« Montagne vide… personne en vue.
Seules, au loin, des voix s’entendent.
Un reflet de lumière entre les branches.
Répliqué par la mousse, en vert. »
Wang Wei (魦维, 699-761 d.C.) – Version de la traduction d’Octavio Paz
La voix du silence envahit les œuvres de Beatriz de la Rúa. Le calme produit par la contemplation de la nature libère les couleurs et les graphismes du plus profond de l’être. Le plus intime en contact avec le plus extime. Ainsi naissent les forêts qui poussent avec énergie dans les tableaux où le plus profond est représenté subtilement. Chacune de ces œuvres est un regard, un tournant, un clin d’œil qui nous implique en tant que spectateurs et en un instant, nous nous sentons partie prenante.
Le silence n’a pas d’ordre imposé et cède la place à ce qui pourrait arriver. C’est la possibilité d’écouter le subtil, ce qui passerait inaperçu si nous nous laissions envahir par le bruit. Beatriz nous invite au silence, nous montre qu’il y a la possibilité de tout, y compris et peut-être le plus important: de nous écouter. Écouter avec le regard, regarder en écoutant. L’œuvre parle. Beatriz peint et dessine, colle et construit dans le calme. Tout peut arriver dans le vide. Le silence initial du blanc de la toile est rompu par l’apparition soudaine de textures et de traces d’encre qui poussent avec une énergie créatrice. Le moment du spectateur arrive : une artiste engagée sait que les œuvres n’appartiennent qu’au regard de l’autre, qui y trouvera un message qui nourrira sa propre histoire.

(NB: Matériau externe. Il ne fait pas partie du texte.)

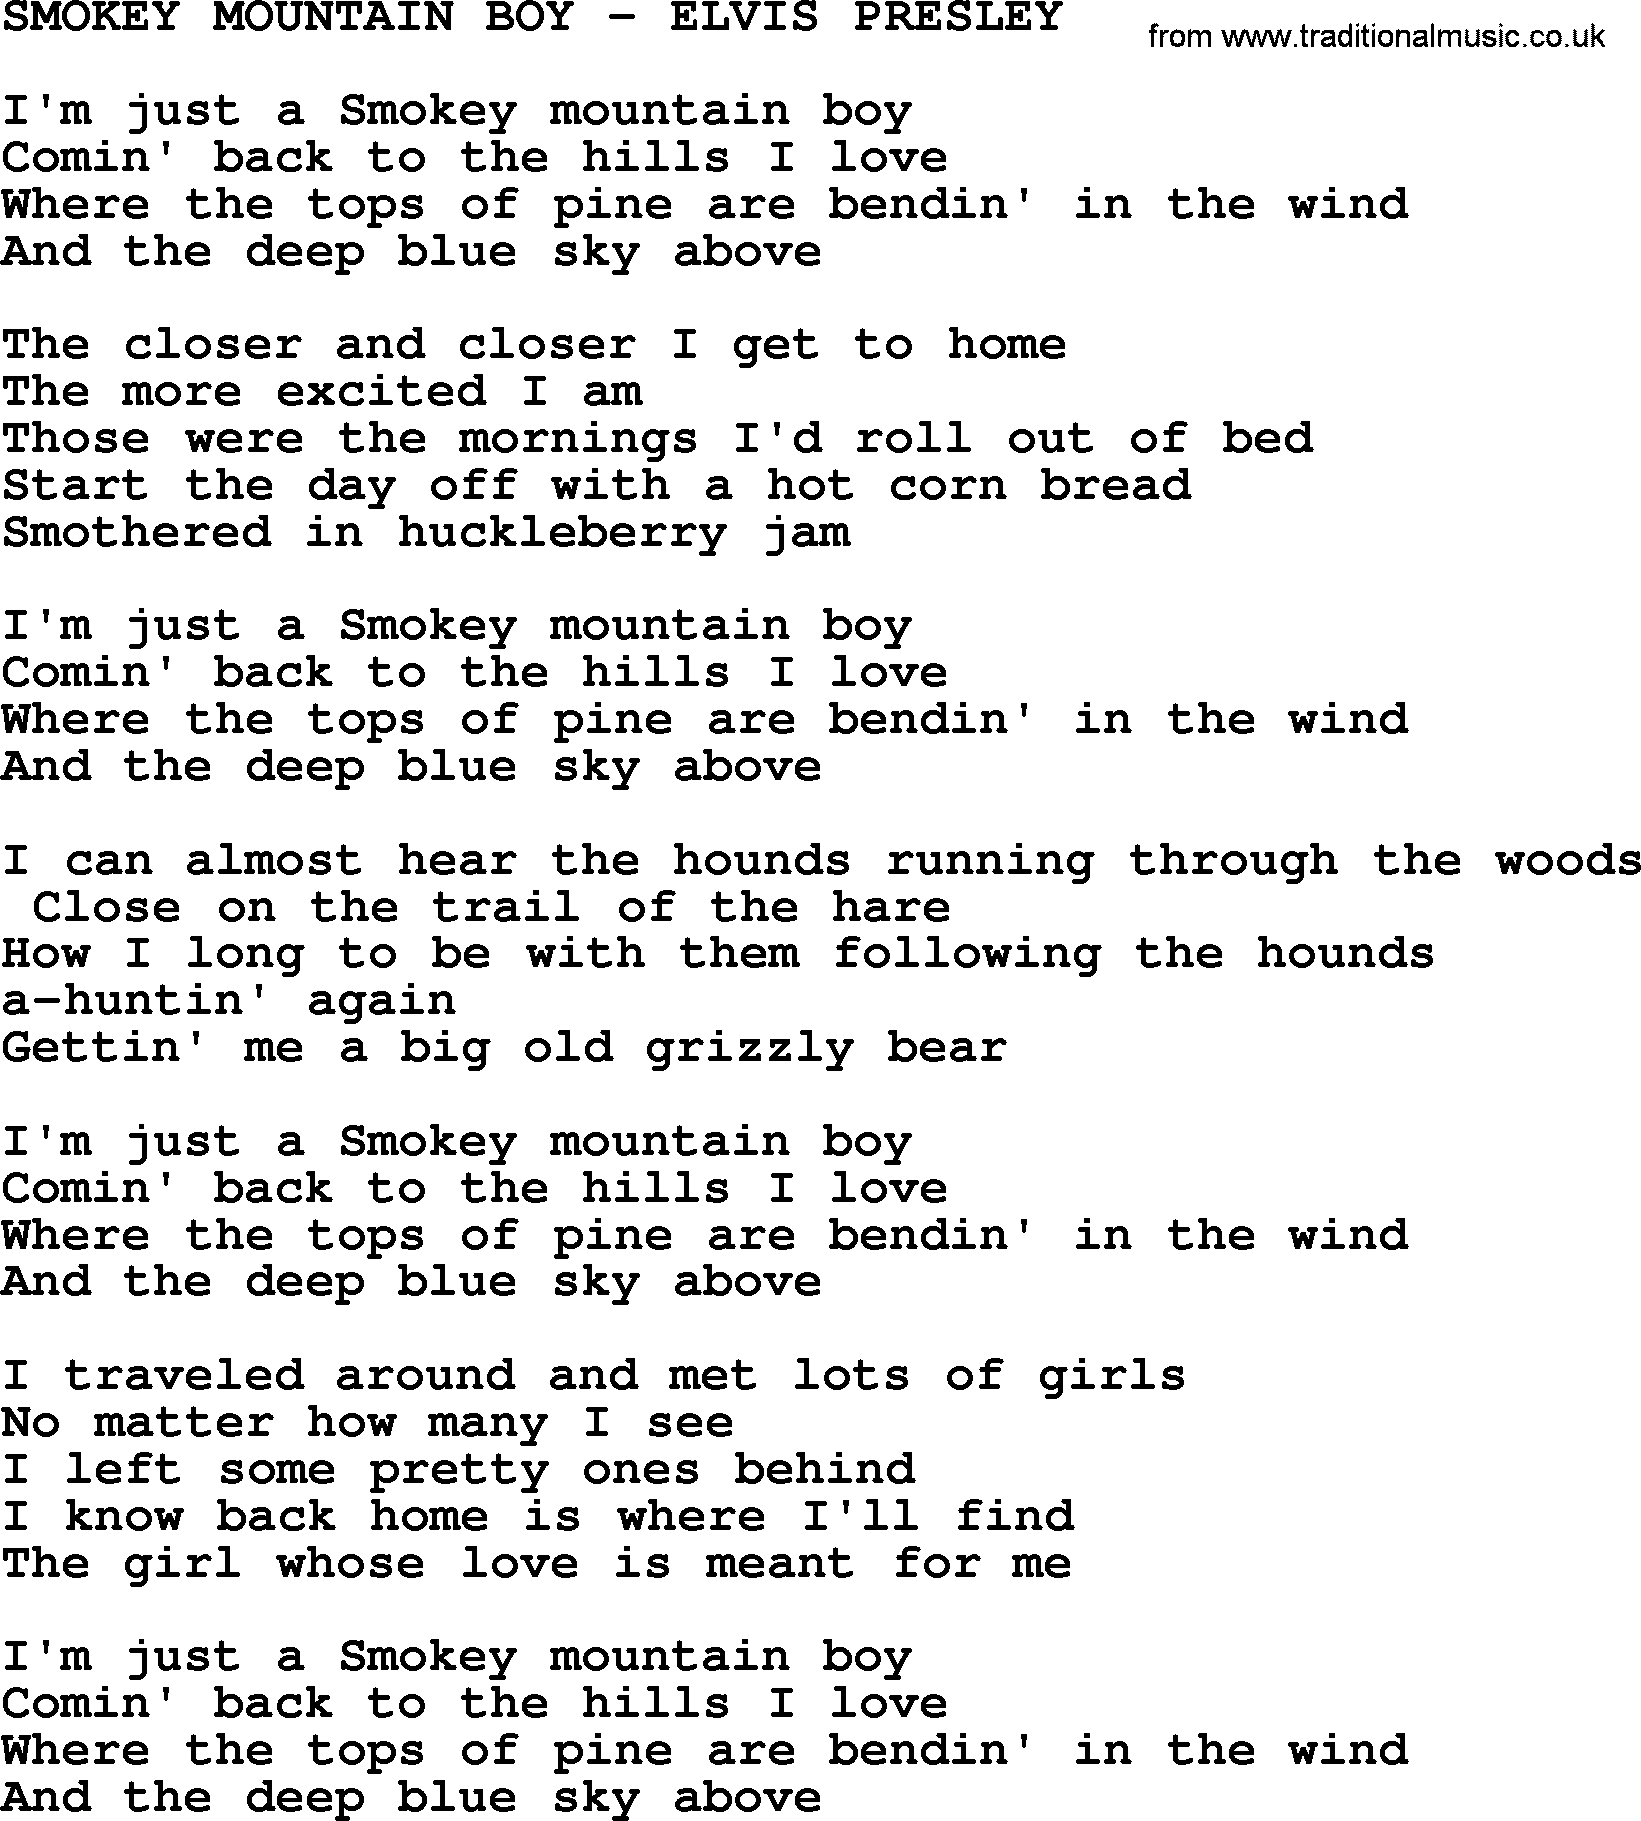 Elvis Presley song: Smokey Mountain Boy-Elvis Presley-.txt lyrics and chords
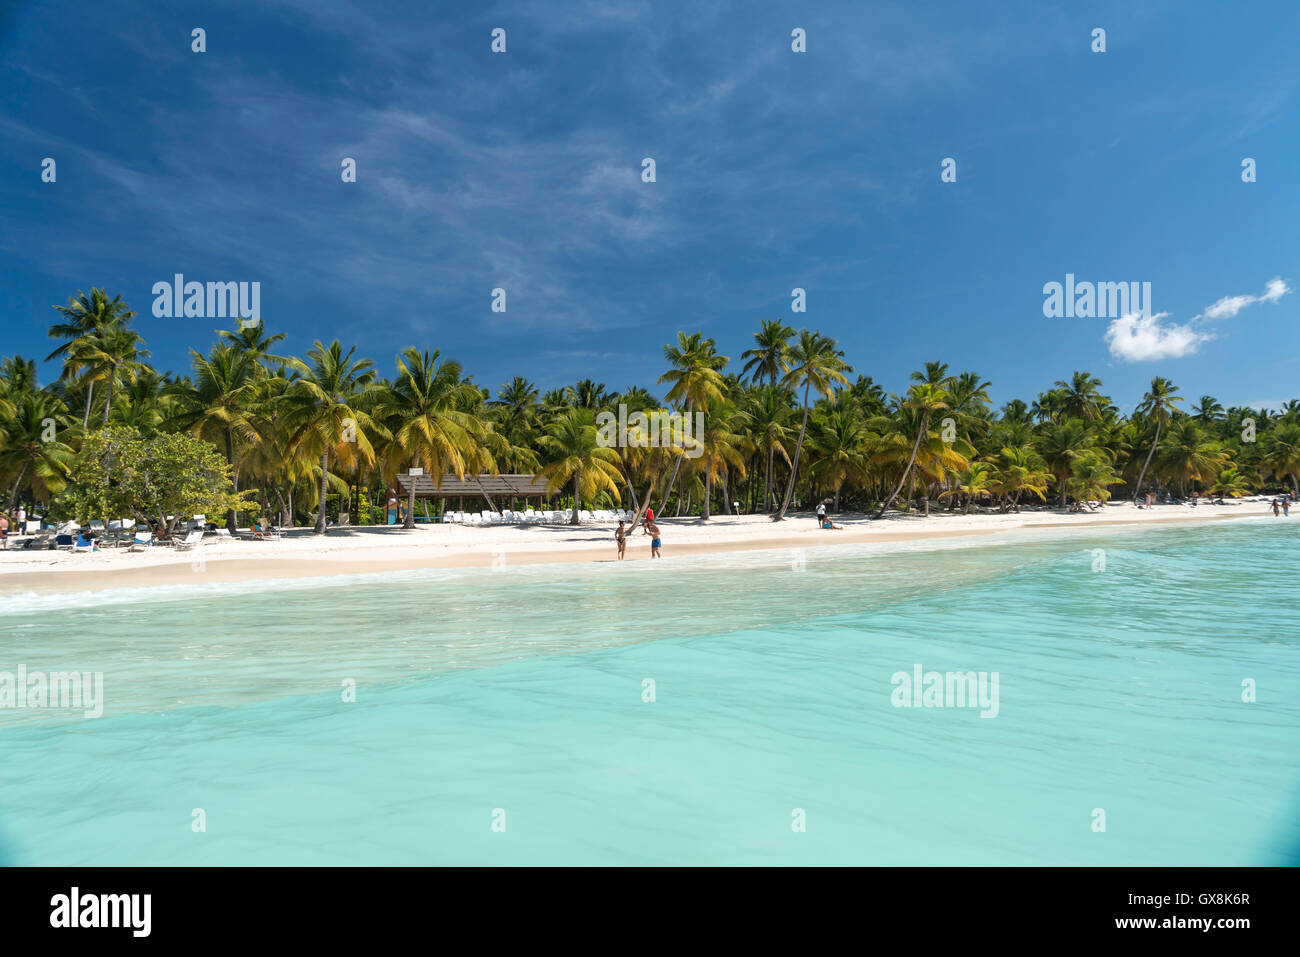 Traumstrand auf der karibischen Insel Isla Saona, Parque Nacional del Este, Dominikanische Republik, Karibik, Amerika, Stockfoto

Les forêts génèrent un climat, une succession de paysages et de temps. Parcourir ces œuvres, c’est sentir, s’encourager à regarder,à échapper au bruit, à se retrouver dans l’exercice d’être spectateur/acteur. Marcher à travers les paysages, c’est aller vers notre intérieur en révélant nos strates un à un, en nous reconnaissant profondément. Découvrir ainsi que nous sommes pleins de couleurs, de pousses, de racines, sentir qu’une lumière vitale illumine notre chemin. Heureux et pleins par la promenade intérieure, nous embrassons le calme qui désormais nous envahit. Ça s’appelle le calme, je l’apprécie, je le respecte et je ne veux pas le laisser aller… l’artiste et le spectateur entrevoient la vérité en calme. Beatriz est un récipient d’eau calme d’où émergent de puissants coups de pinceau avec une empreinte sûre. Et c’est ainsi que nous ne faisons qu’un dans l’œuvre : artiste et spectateur dans un silence subtil.